Female reproductive hormones include glucocorticoids, catecholamines, growth hormone, and prolactin. Both androgen and estrogen levels are impaired in women’s reproductive health problems. High levels of stress, with release of stress hormones like cortisol, over extended periods may seriously impair reproductive function, causing amenorrhea, anovulation, and menstrual irregularity. Shatavari‘s phytoestrogens may regulate the ovarian cycle. It corrects pituitary gland function, promoting growth, differentiation, and physiological function of the female genital tract. The herb was reported to relieve premenstrual syndrome and dysmenorrhea in 40 women over three months’ use. Other clinical studies report that shatavari reduced dysfunctional uterine bleeding.

Polycystic ovarian syndrome (PCOS), a common anovulatory disorder, affects 4-12% of women of reproductive age and often leads to infertility. Increased oxidative stress (OS) and ROS induce PCOS onset. Shatavari is reported to effectively reduce PCOS by improving follicular growth and ovulation in clinical studies. A regimen of 100 mg/d shatavari combined with shatapushpa (fennel, Foeniculum vulgare, Apiaceae) and guduchi (balloon plant; Cardiospermum halicacabum, Sapindaceae) for 105 days followed by 1000 mg/d Rasayana Kalpa, combining shatavariguduchijatamansi (spikenard; Nardostachys jatamansi, Capifoliaceae), and amla (Phyllanthus emblica, Phyllanthaceae) for 60 days may help manage PCOS-mediated subfertility.

Chronic psychological stress negatively impacts ovaries and oocytes, impairing follicular development, growth, and ovulation by inducing apoptosis. Oocyte apoptosis may deplete ovarian germ cells and reduce oocyte quality after ovulation, directly affecting reproductive outcomes.

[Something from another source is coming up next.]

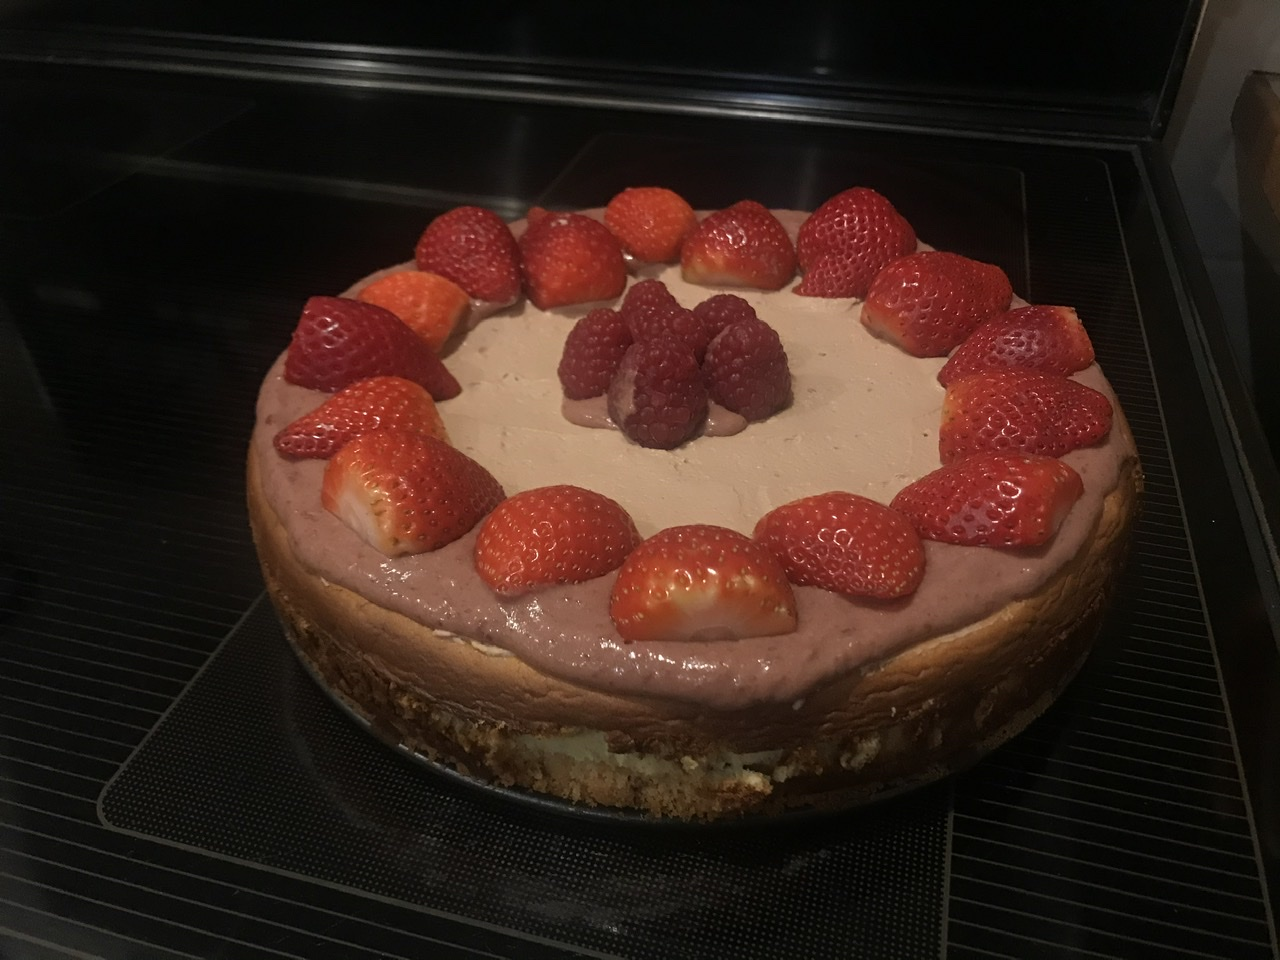 PHILADELPHIA INDULGENCE Chocolate Mousse Cheesecake Elize Coetzee

While shatavari nourishes and rejuvenates ovarian function and development and regulates menstruation, it was not superior to clomiphene citrate in one clinical trial. This may have been due to insufficient dosage and length of treatment in the shatavari group. Antioxidant effects of shatavari include ROS scavenging, reduced OS level, greater antioxidant capacity, and improved ovarian and endometrial physiology. In vivo studies report increased production of several antioxidant compounds with various shatavari extracts. Its isoflavones, racemofuran, asparagamine A, and racemosol, are credited with its antioxidant effects. At time of publication, no evidence yet supported the authors’ proposal that benefits of shatavari in stress-mediated reproductive disorders such as PCOS may be due in part to its elevation of antioxidant enzymes in ovaries. Shatavari’s steroidal saponins may also enhance female fertility by blocking oxytocin-induced uterine contractions, as seen in several mammal models.

While molecular mechanisms of its benefits in treating infertility need more elucidation, existing studies support its use to protect against stress-related negative reproductive health outcomes in women. No mention is made of shatavari‘s safety profile in this brief non-systematic review.